Not your average day at the office


This is Fox Mulder's house, Spotnitz announces –

and as you've all probably heard we're trying very hard to protect the secrecy of this movie.
So I'm not going to tell you anything to ruin it.
But anything I do tell you, or anything that you do figure out about it, I really do appreciate it if you try to be discreet until the movie comes out.

We nod real angelic like — fingers crossed — and make sure our recorders are jammed so close to his goateed mouth they'll smell of his breath for days to come. Minty, I hope.

And he goes on chattering about how the house replicates a real one used for exteriors and for the story's setting it'll be somewhere around Washington D.C. in the winter. And Mulder has been hiding out here from the Feds for the last six years. And I'm like thinking, better not reveal any of that. Need to stay on the studio's good side and all.

So we enter the living room. Vintage rugs and books and shelving and furniture and all other sorts of old-fashioned knickknacks make up the decor. Lots of darks, creams, browns and wood. And Spotnitz is like, we did a number of things to try to make it feel like Mulder's home. So you'll notice the brown railing that goes around the living room. There was one just like that in his apartment. The feel of carpets and furniture is keeping with the type of furniture he had in his apartment in the show.

But I'm thinking, shit, with the exception of Mulder's pet goldfish and scattered newspapers and old copies of "Scientific American," this joint reminds me of a room in a funeral parlor. That side room you shuffle off to when you tire of staring at the stiff in the box and want to eat gingersnaps and drink mini cans of 7-Up.

Spotnitz leads us past a staircase going up to nowhere and towards a door in the back of the living room. I'm stuck in the rear of this wolf-pack and hear giggling ahead.

Oh.

We've just walked into the lair of a goddamn lunatic.

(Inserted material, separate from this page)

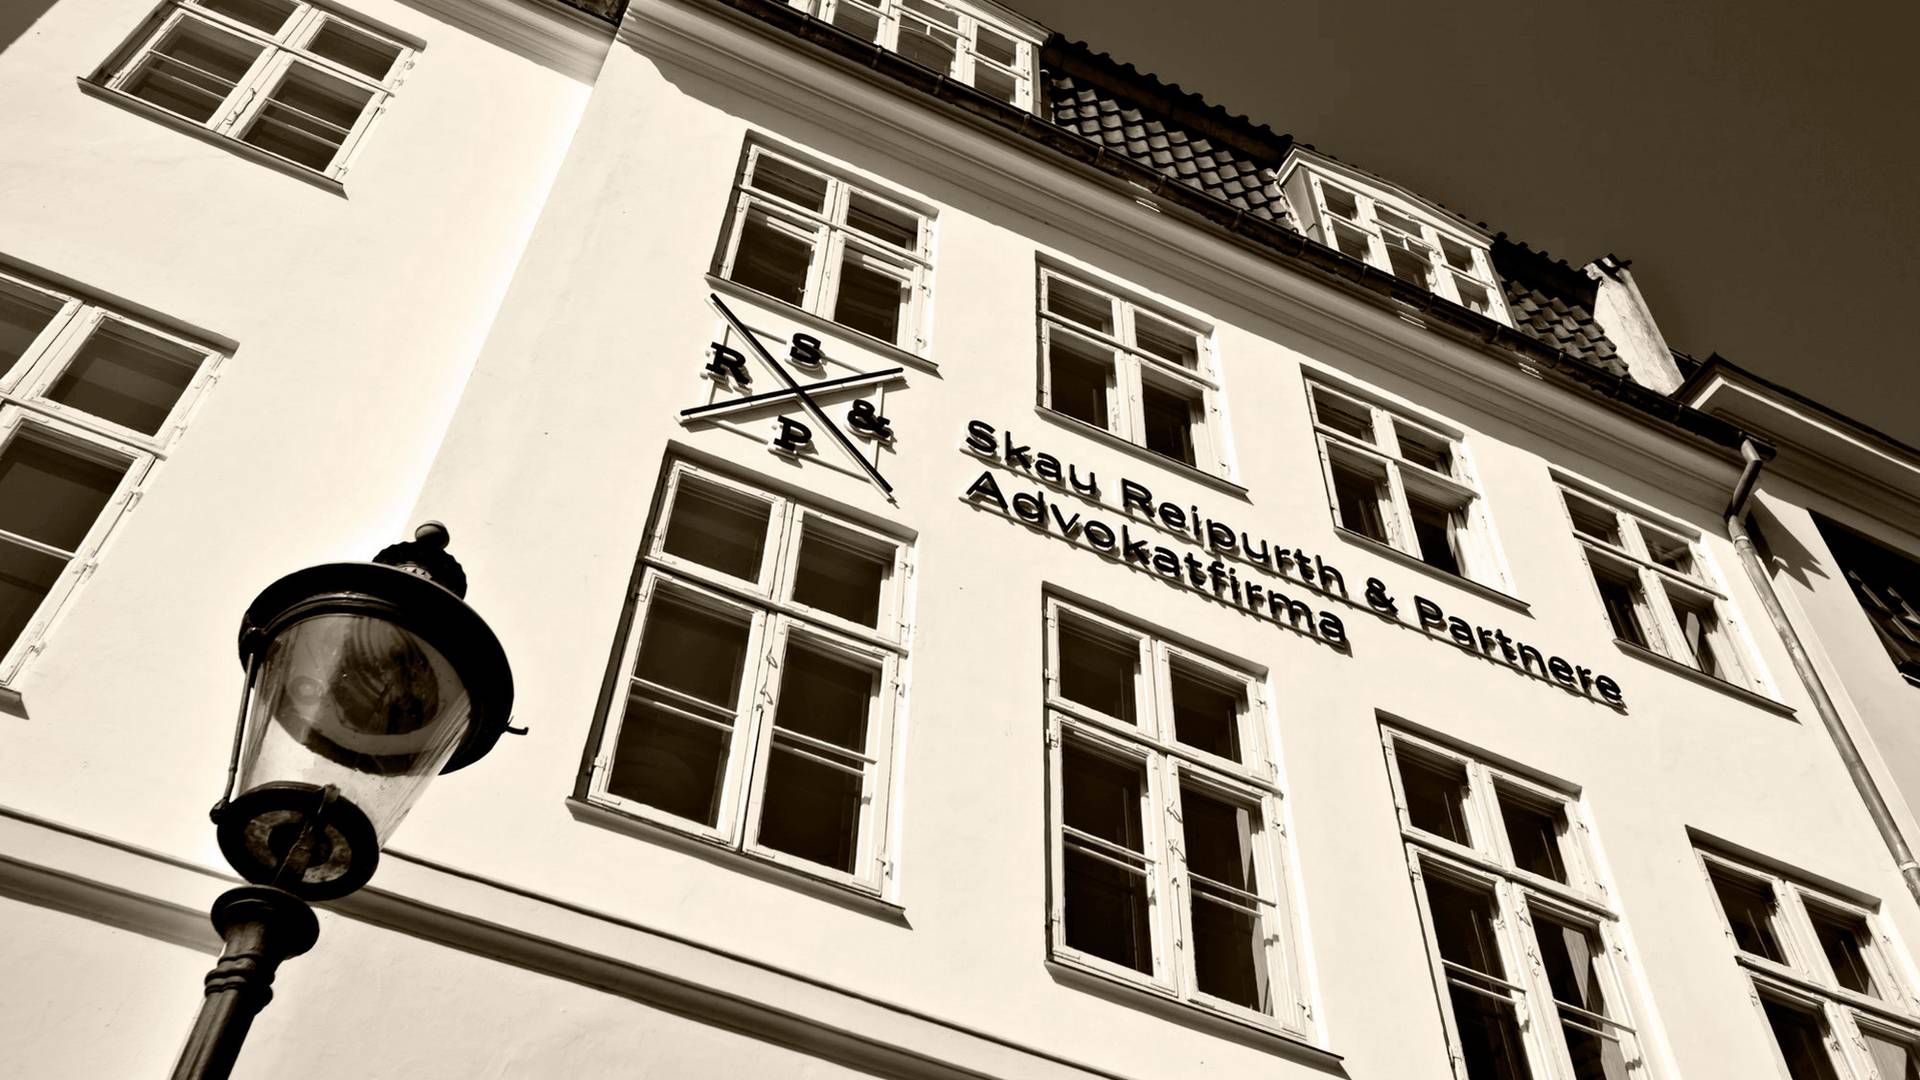 Omsætningen lød sidste år på godt 90 mio. kr. hos advokatfirmaet Skau Reipurth & Partnere, der holder til på Amaliegade i centrum af København | Foto: Liselotte Plenov / Fotorummet

Dozens of pencils dangle from the ceiling like some absurd Indiana Jones death trap. Pine walls are blanketed with hundreds of news clippings and photos and drawings with strings running across connecting them — hey there's the monster from the black and white episode. Stacks of old "New York Times" stuffed in all crevices. This is The X-Files Home Office, says Spotnitz. As you can tell Mulder's a bit of a pack rat.

Sunflower seeds sit on the solid wood desk along with a pic of Mulder's sister and disheveled papers. Globes and maps and vintage books placed everywhere. Collections of dead tarantulas shadowboxed and displayed. And a Dell PC takes up a corner — a PC in a Hollywood movie, truly a conspiracy is afoot. And of course, pinned to the wall in this visual cacophony is, as one journo gasps, "The Poster."

Yes, we're in the presence of the famous "I Want to Believe" UFO poster — the badge of a man's virginity if hung in his bedroom. Who's had the poster for the last six years? I don't know, says Spotnitz. But it is one of the originals from the show.

Some try to goad Spotnitz in spilling details on the flick's story. C'mon tell us something. Anything. So Mulder and Scully been away from each other? Sorry, I can't confirm the way you worded that question. Yeesh!

I lean against a couple of tall, black filing cabinets. "Unexplained Files." Perhaps the script is in here. I'm tempted to peek, but Spotnitz herds us out from Mad Mulder's office into the room next door.